:: ASSIGNMENT ::
Copying rule for the data below: take the line containing "1922 - Vajanského" and every line after it to the end, exactly, and drop all pictures.

:: SUPPLIED RECORDS ::
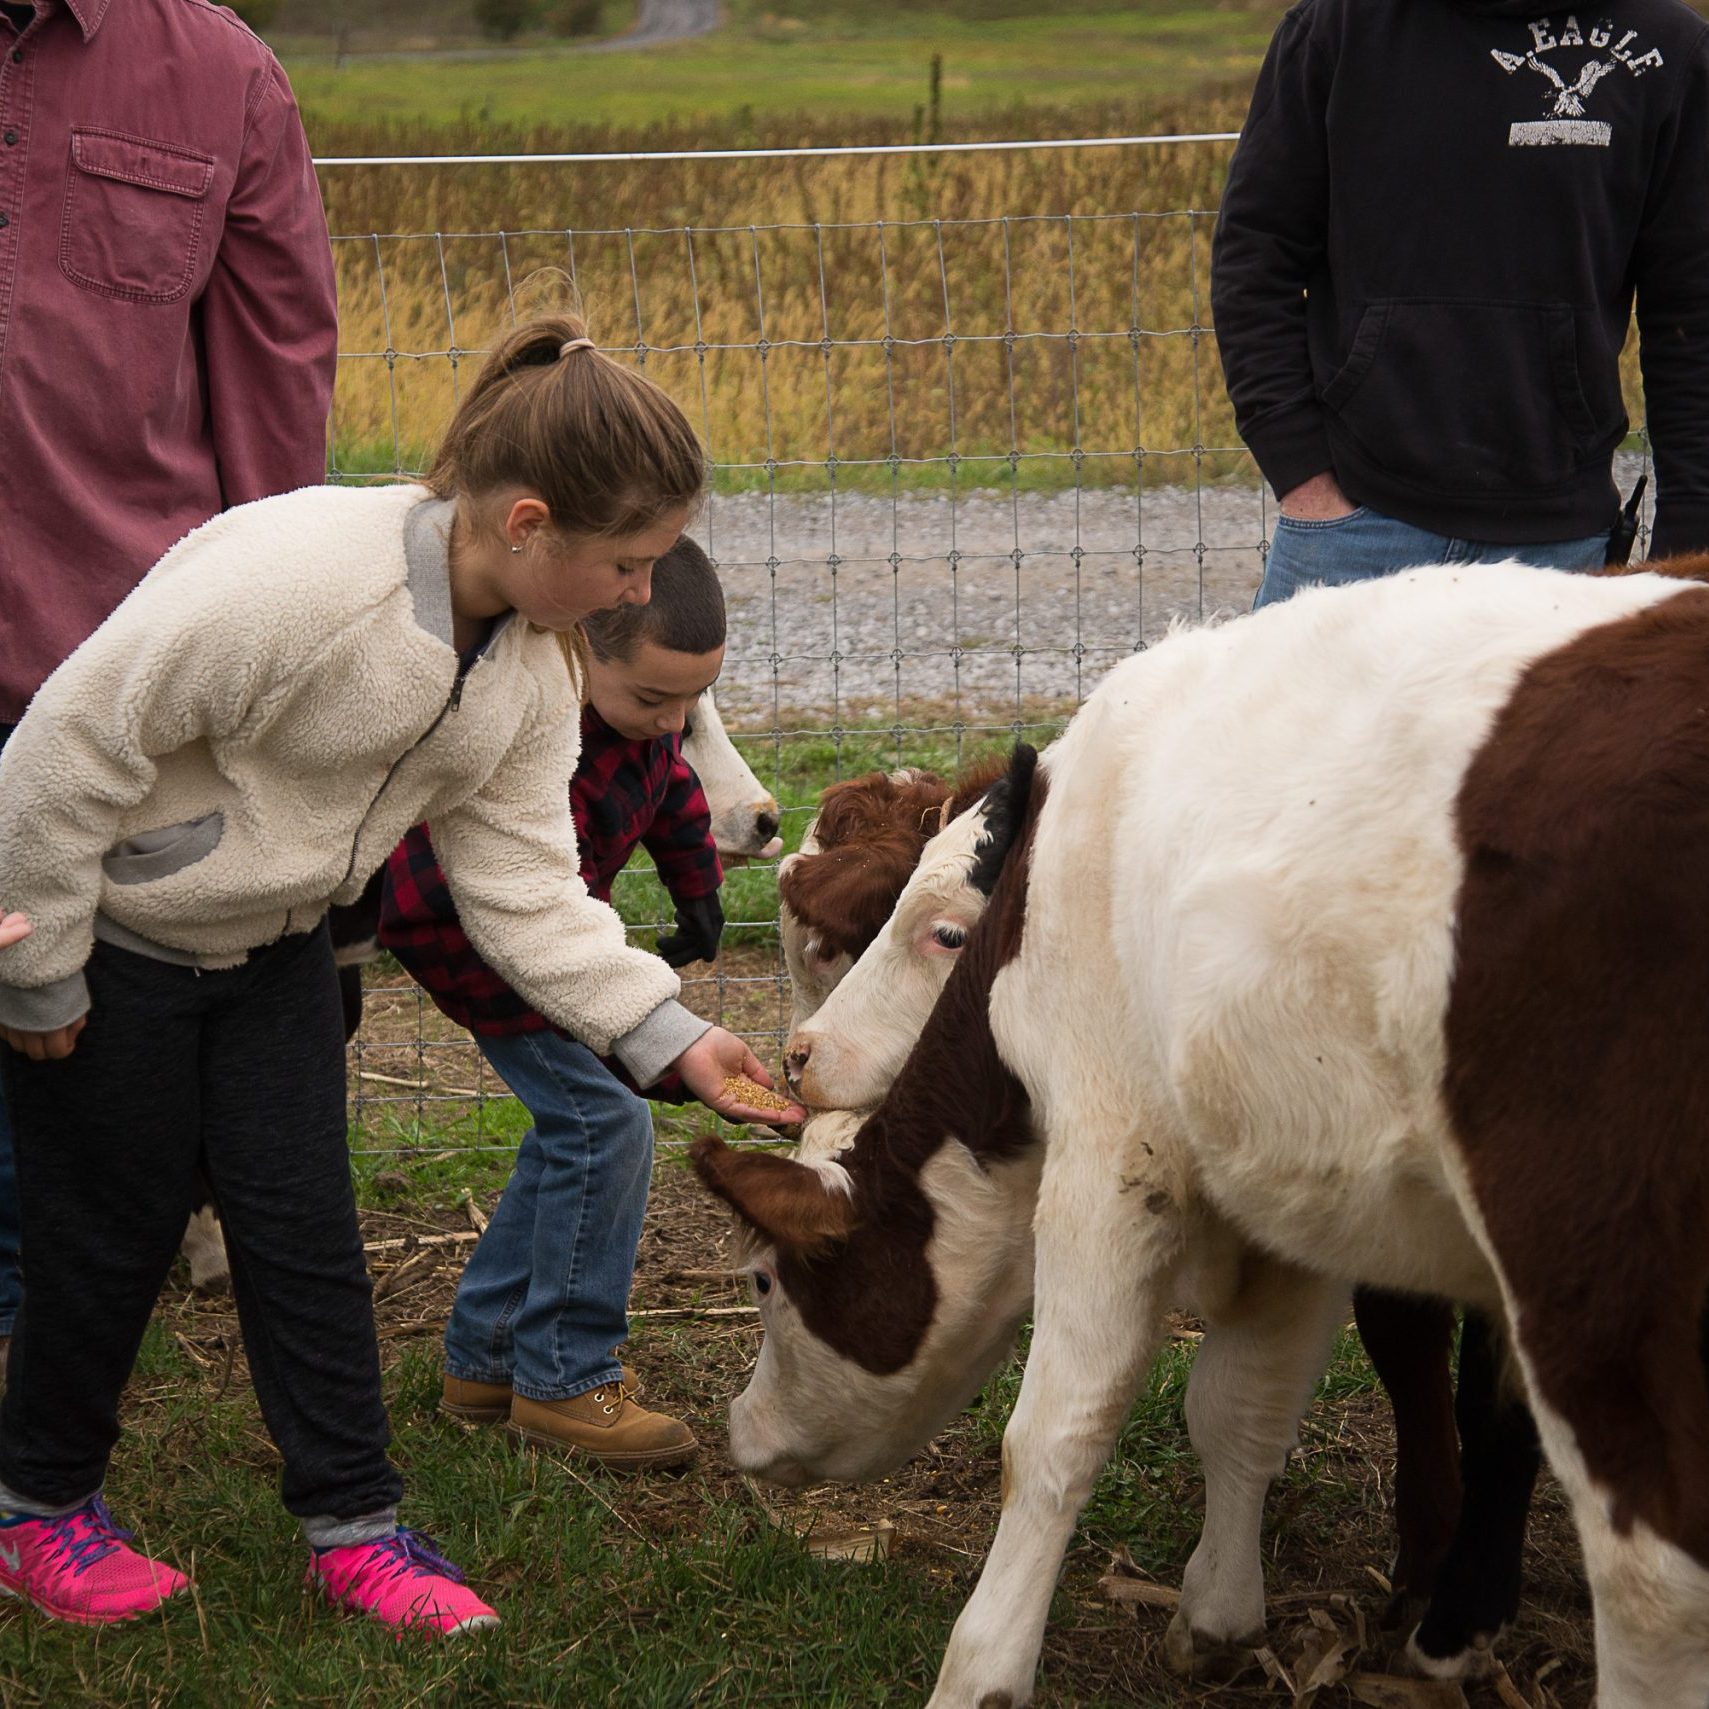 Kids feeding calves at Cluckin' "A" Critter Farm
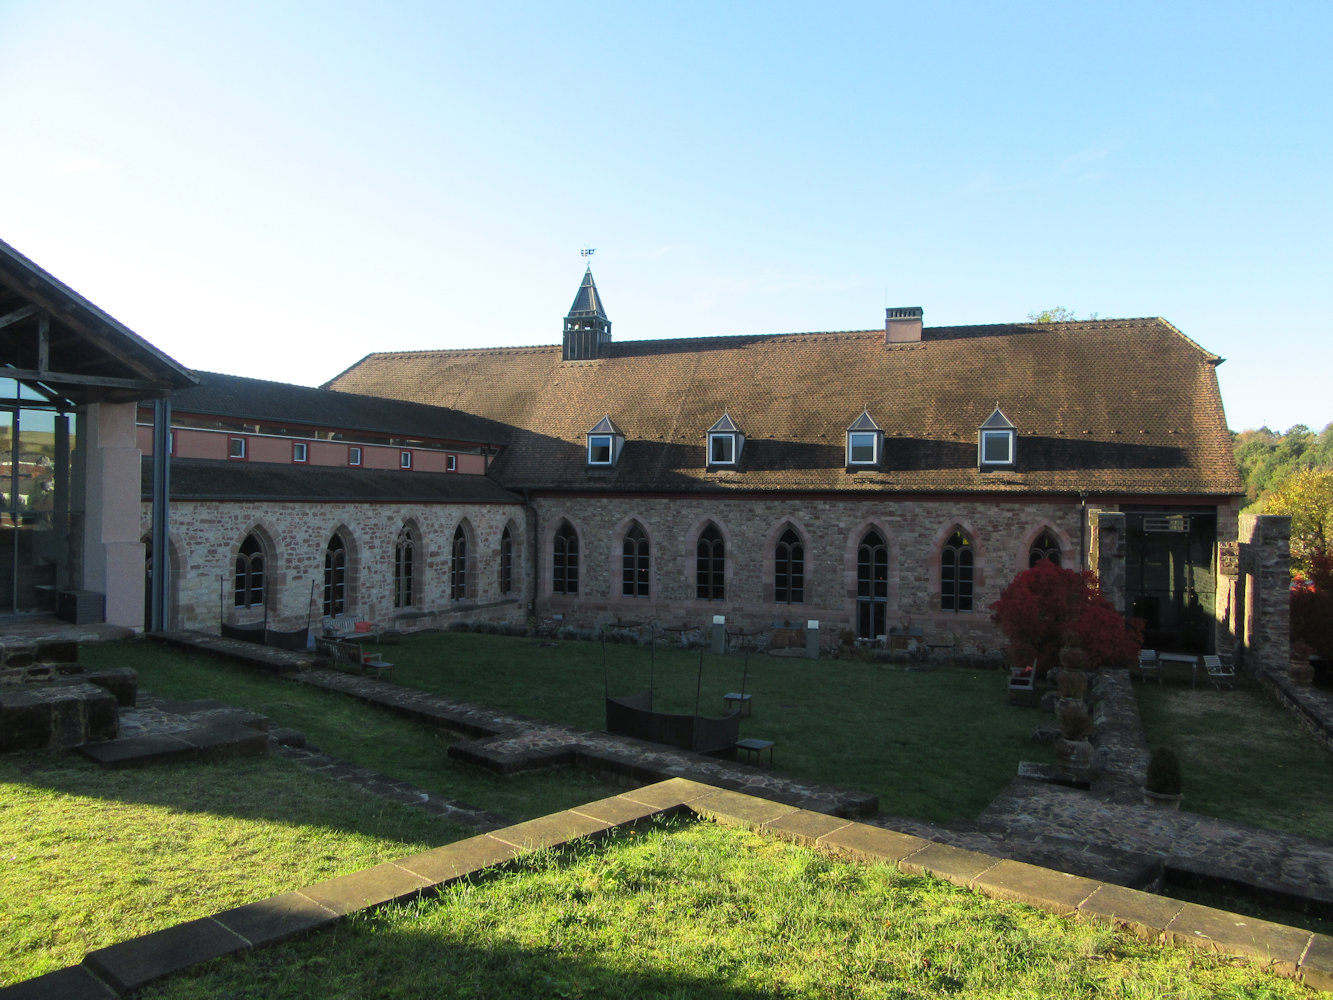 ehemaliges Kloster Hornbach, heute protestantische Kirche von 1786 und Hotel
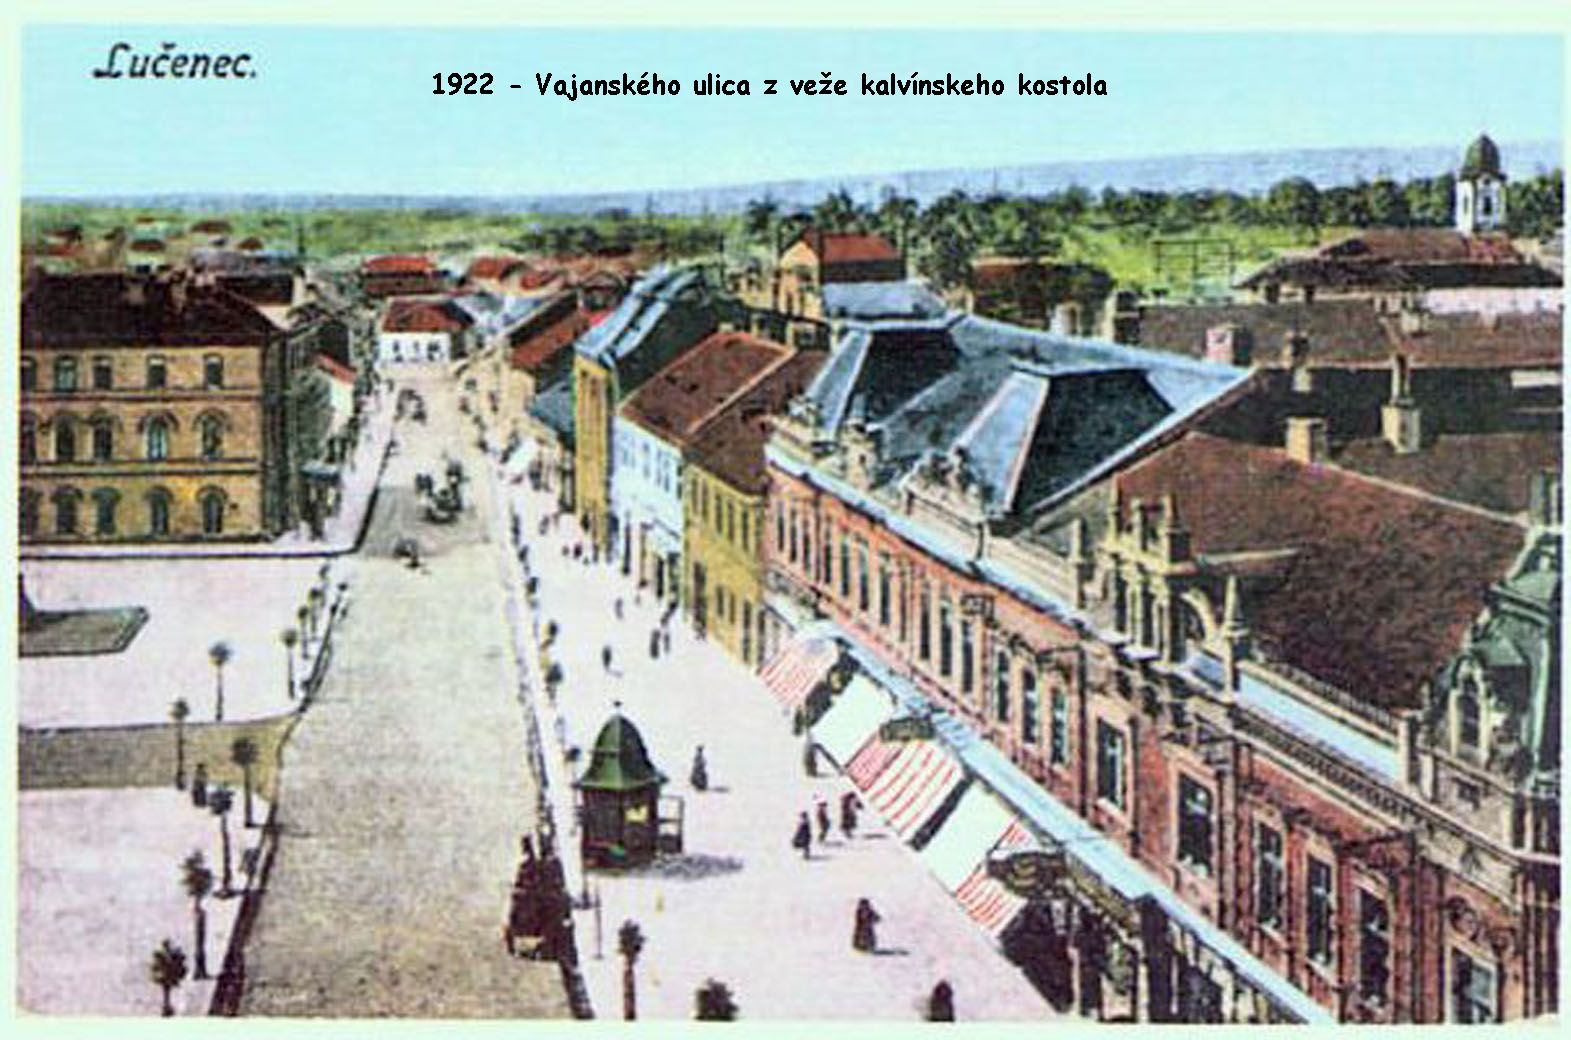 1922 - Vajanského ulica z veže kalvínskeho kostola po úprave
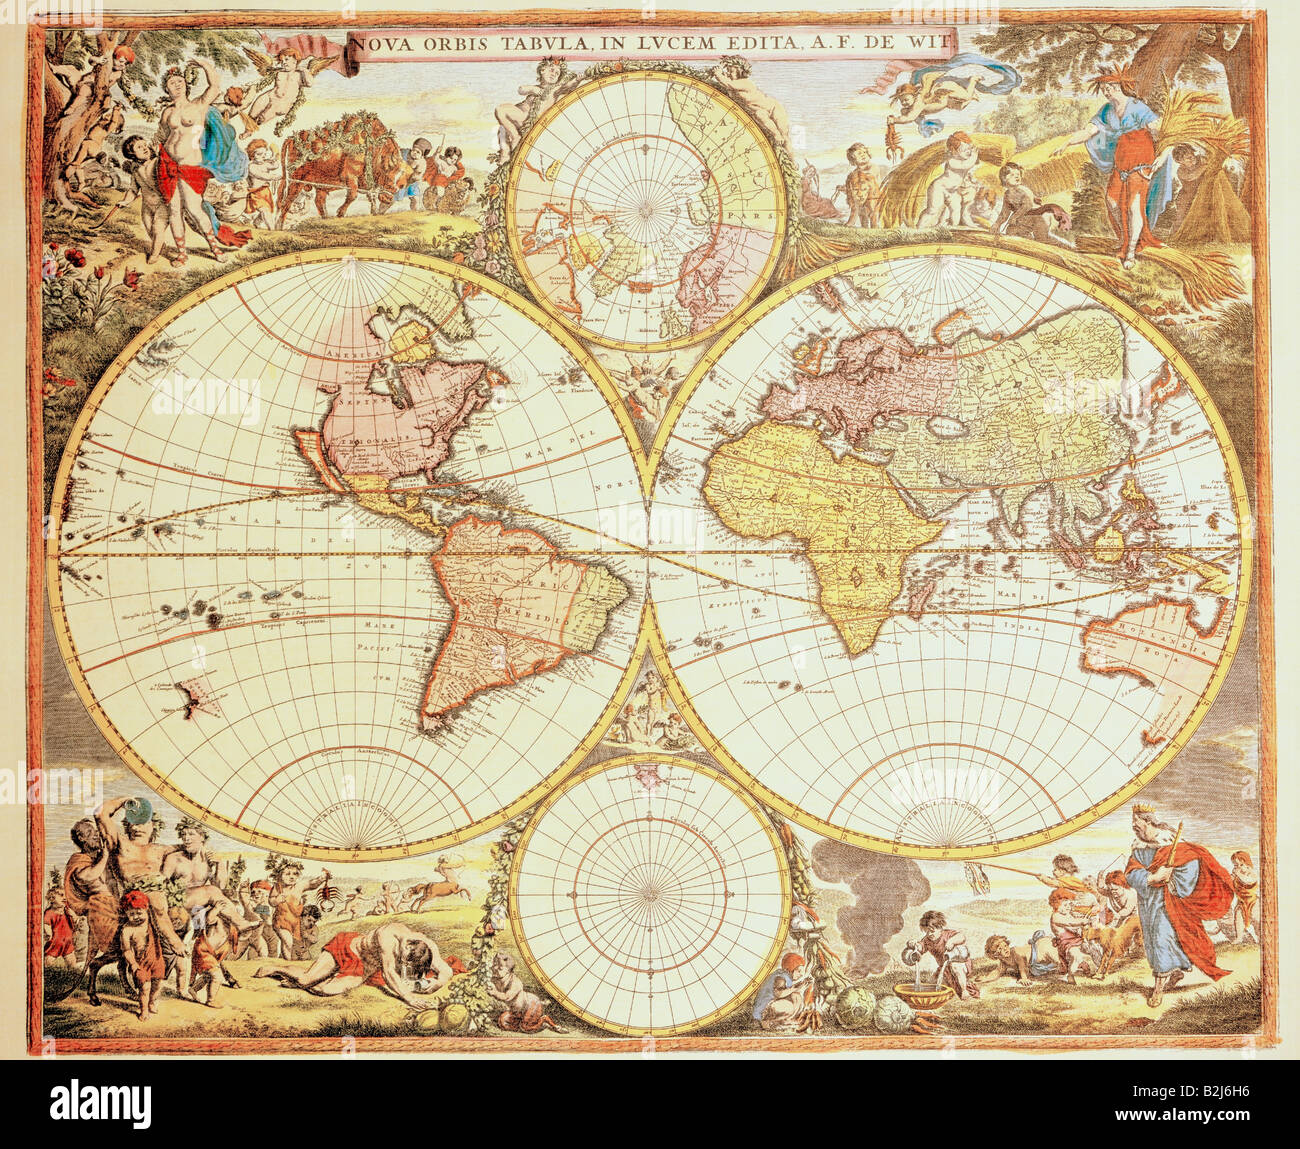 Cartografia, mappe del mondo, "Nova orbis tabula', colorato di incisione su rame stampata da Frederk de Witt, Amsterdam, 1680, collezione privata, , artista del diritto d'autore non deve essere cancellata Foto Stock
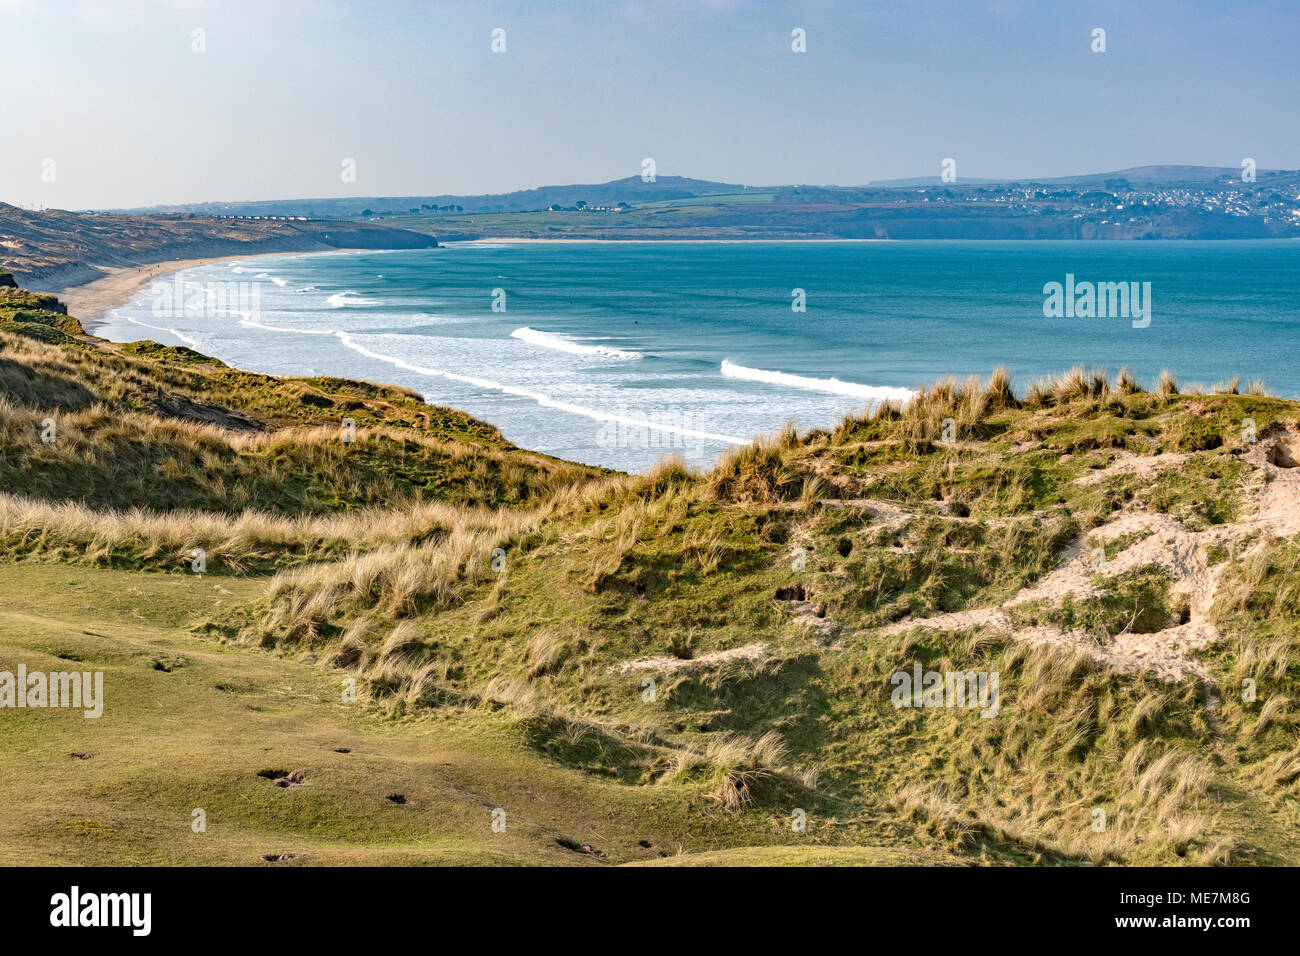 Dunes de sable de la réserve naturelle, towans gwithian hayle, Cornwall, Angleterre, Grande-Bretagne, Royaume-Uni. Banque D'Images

:: FINAL ANSWER ::
 1922 - Vajanského ulica z veže kalvínskeho kostola po úprave
 Cartografia, mappe del mondo, "Nova orbis tabula', colorato di incisione su rame stampata da Frederk de Witt, Amsterdam, 1680, collezione privata, , artista del diritto d'autore non deve essere cancellata Foto Stock
 Dunes de sable de la réserve naturelle, towans gwithian hayle, Cornwall, Angleterre, Grande-Bretagne, Royaume-Uni. Banque D'Images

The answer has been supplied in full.